#### Provided data:
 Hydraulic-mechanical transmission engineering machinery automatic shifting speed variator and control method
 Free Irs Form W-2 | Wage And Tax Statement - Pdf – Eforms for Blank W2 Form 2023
* * *
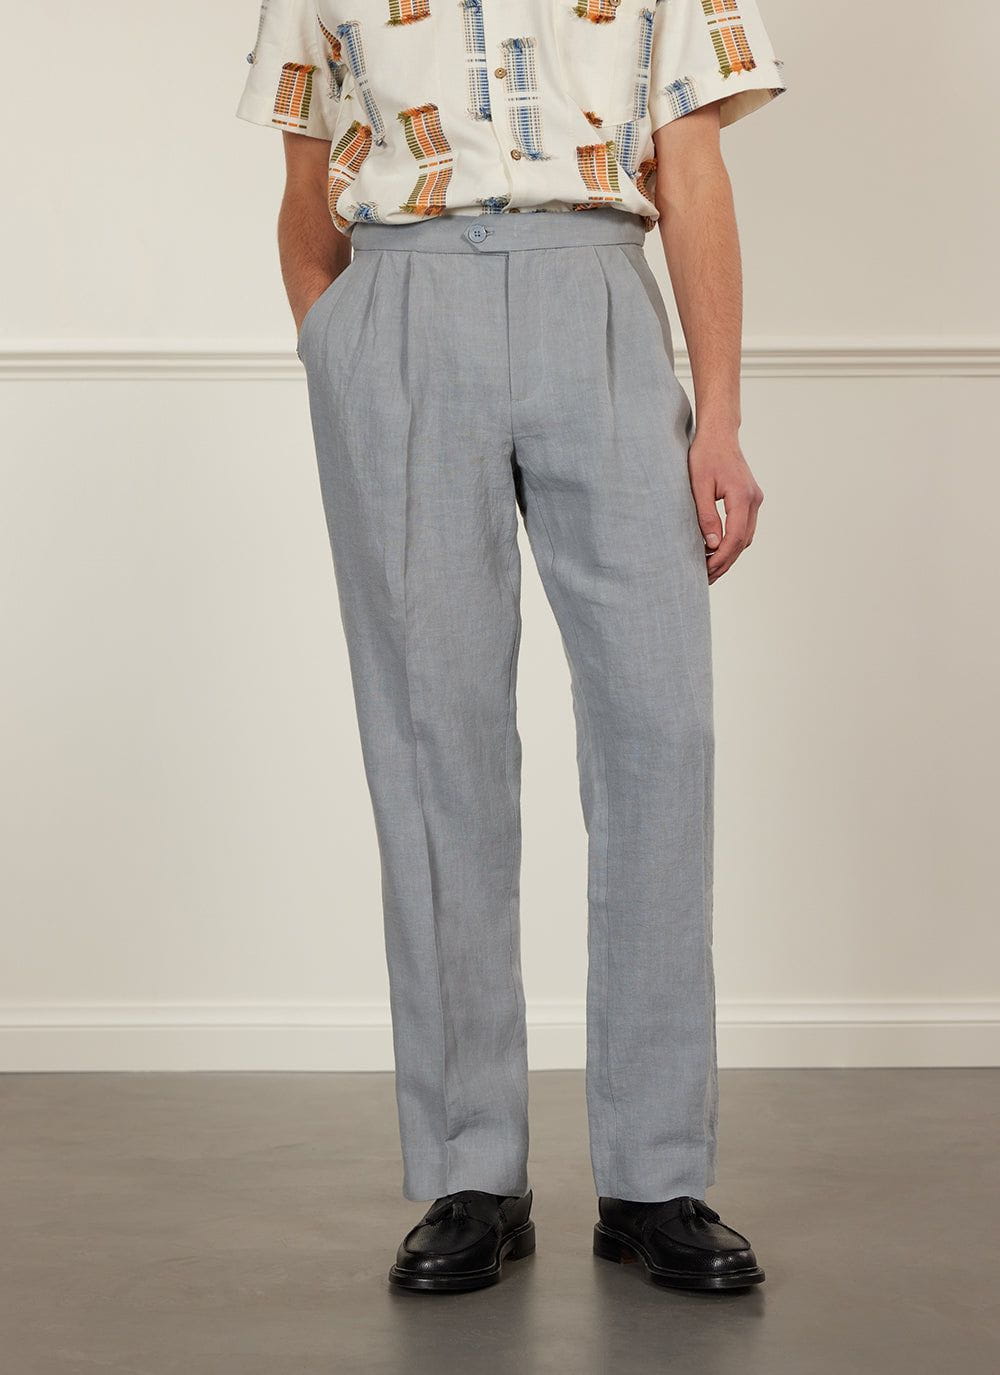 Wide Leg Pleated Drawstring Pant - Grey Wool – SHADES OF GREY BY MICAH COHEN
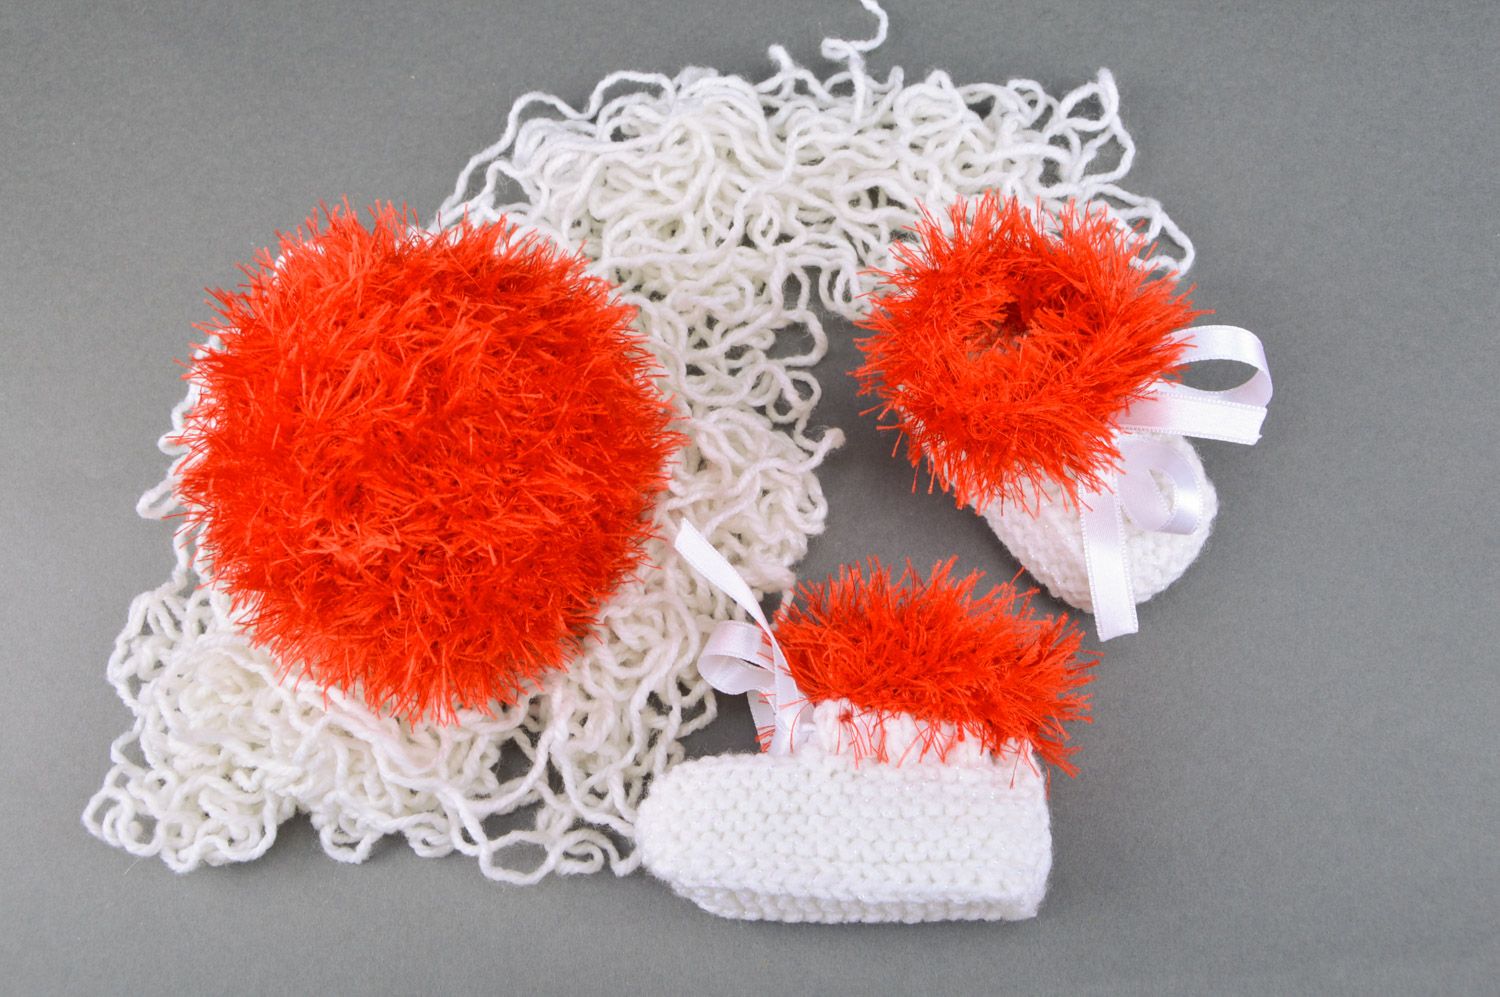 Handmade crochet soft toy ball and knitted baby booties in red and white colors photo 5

#### Exercise details:
In the data above, find the line that contains "Hydraulic-mechanical transmission engineering" and the line that contains "Free Irs Form". Repeat exactly those lines and every line between them, and only those.

#### Written solution:
 Hydraulic-mechanical transmission engineering machinery automatic shifting speed variator and control method
 Free Irs Form W-2 | Wage And Tax Statement - Pdf – Eforms for Blank W2 Form 2023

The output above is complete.